The Benefits of Being on Council

The civic election is just over ten weeks away. Compared to last time, it's been remarkably quiet. A few individuals have announced that they're running for council, but so far, no incumbents (including me) have indicated their intentions, and nobody has announced that they're running for mayor.

I like to see the interest from individuals in being part of council - being willing to step forward and help to guide the city and its residents to a better life is admirable.

I did a blog last November on things that I thought potential candidates should consider before running for public office - it's not for everyone, and I know that some members of council were surprised, for example, at the volume of material that has to be reviewed before each meeting. But there are also benefits (and costs) to being on council, that people might not be aware of.

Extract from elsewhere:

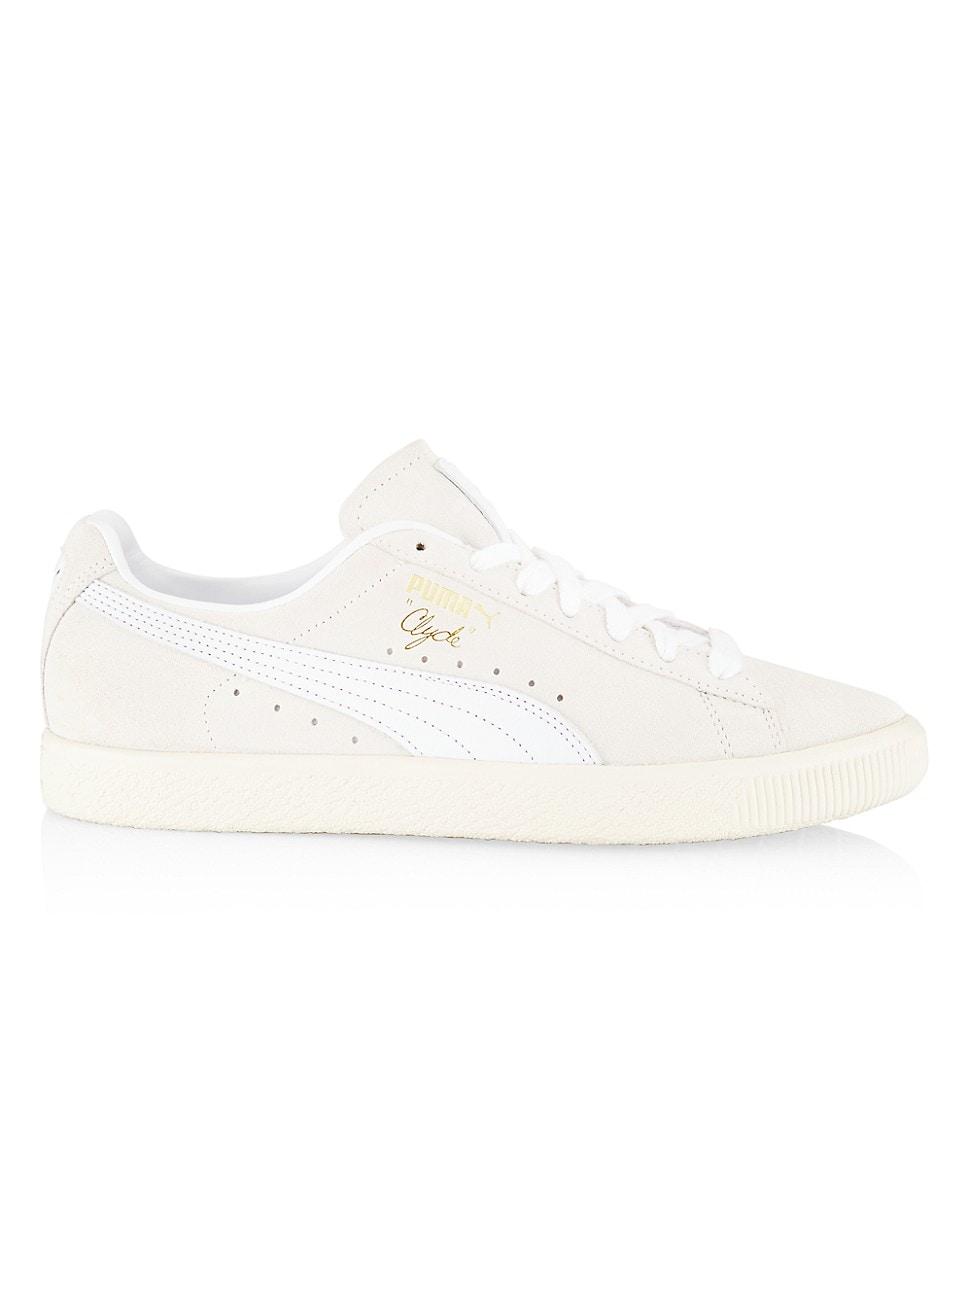 PUMA Clyde Prm Sneakers in White for Men | Lyst

To start with, it is a paying job - the local paper recently published the city accounts of what people employed by the city were paid in the past year. The average payment to councillors was $25,457.99; the mayor was paid $73,329.06. That's a basic salary, plus $100 for a vehicle allowance monthly, and also includes per diems - if a councillor spends an entire day doing council work, for instance at a conference, a per diem rate is paid. This is based on the assumption that being on council, whether as a mayor or councillor, is not intended to be a full time job, but if you do have to take a day away from your other job, you will be paid extra. That's why regular council meetings are in the evenings.

There is also a $500 communications allowance each year. For this, when you make an expenditure that qualifies, you submit a receipt and get reimbursed. Unlike the vehicle allowance, you don't just get the $500. Things like computers are allowable expenditures, cell phones are not. Of course, the mayor has a computer and phone provided.

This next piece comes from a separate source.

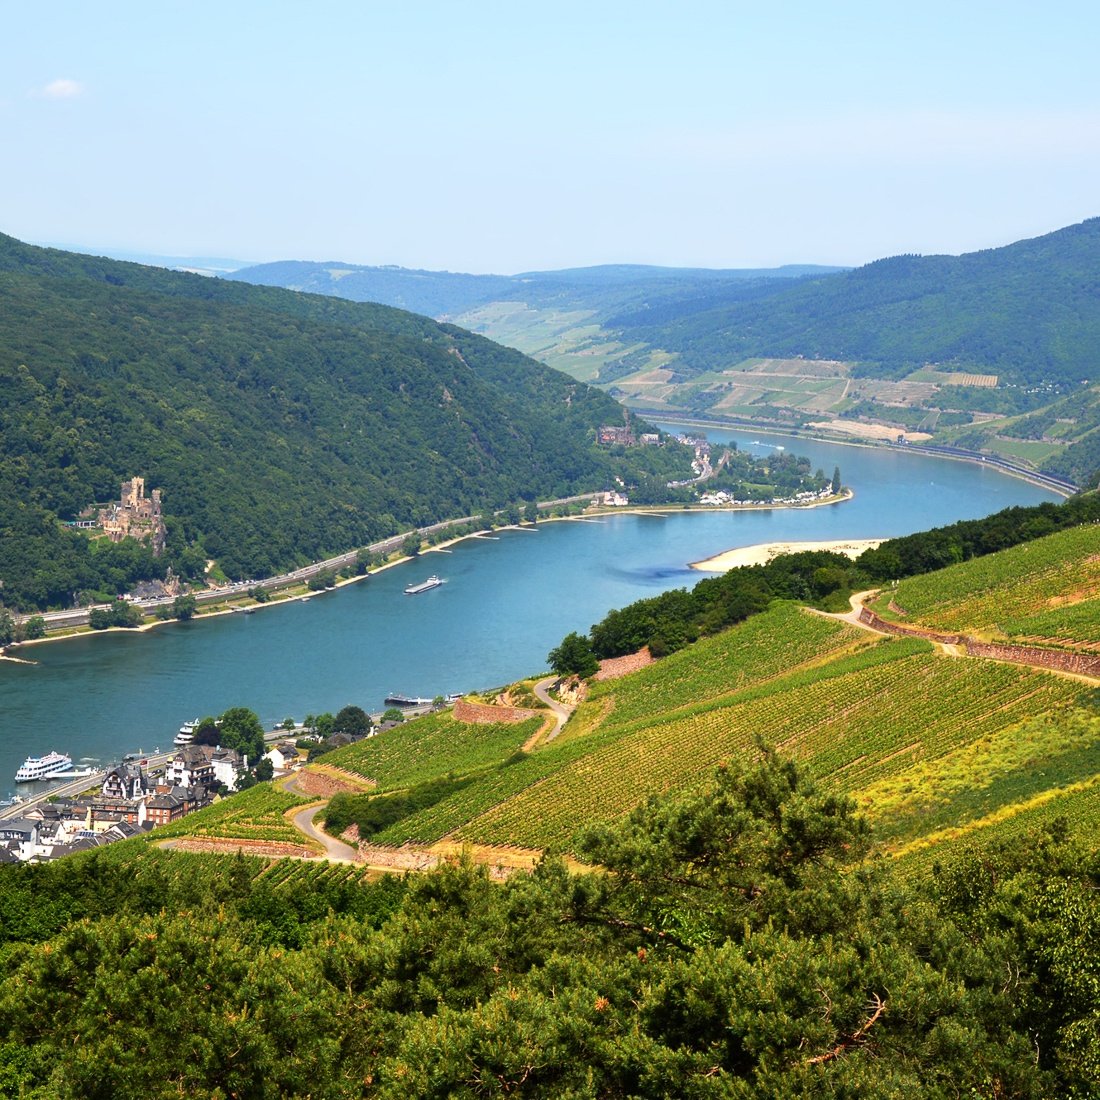 Viking River Rhine Cruise Review: Ports and Excursions

If you're a councillor, you'll have to set up your own office space in your home, at your own cost. You'll need message manager on your phone, because you will be your own support staff. Only the mayor has an office at City Hall and support staff - at last count, I believe he had two adminstrative assistants. These staff also provide occasional help to councillors (for instance, in making travel arrangements), but for the most part, if you're a councillor, you're on your own. Councillors used to be able to use a room next to the reception room on the second floor, where we had access to a phone and one drawer in a filing cabinet. However, this adminstration converted this room to a media room for the mayor, and moved the councillors' filing cabinets down to the room outside council chambers where council meals are served - hardly a good work space.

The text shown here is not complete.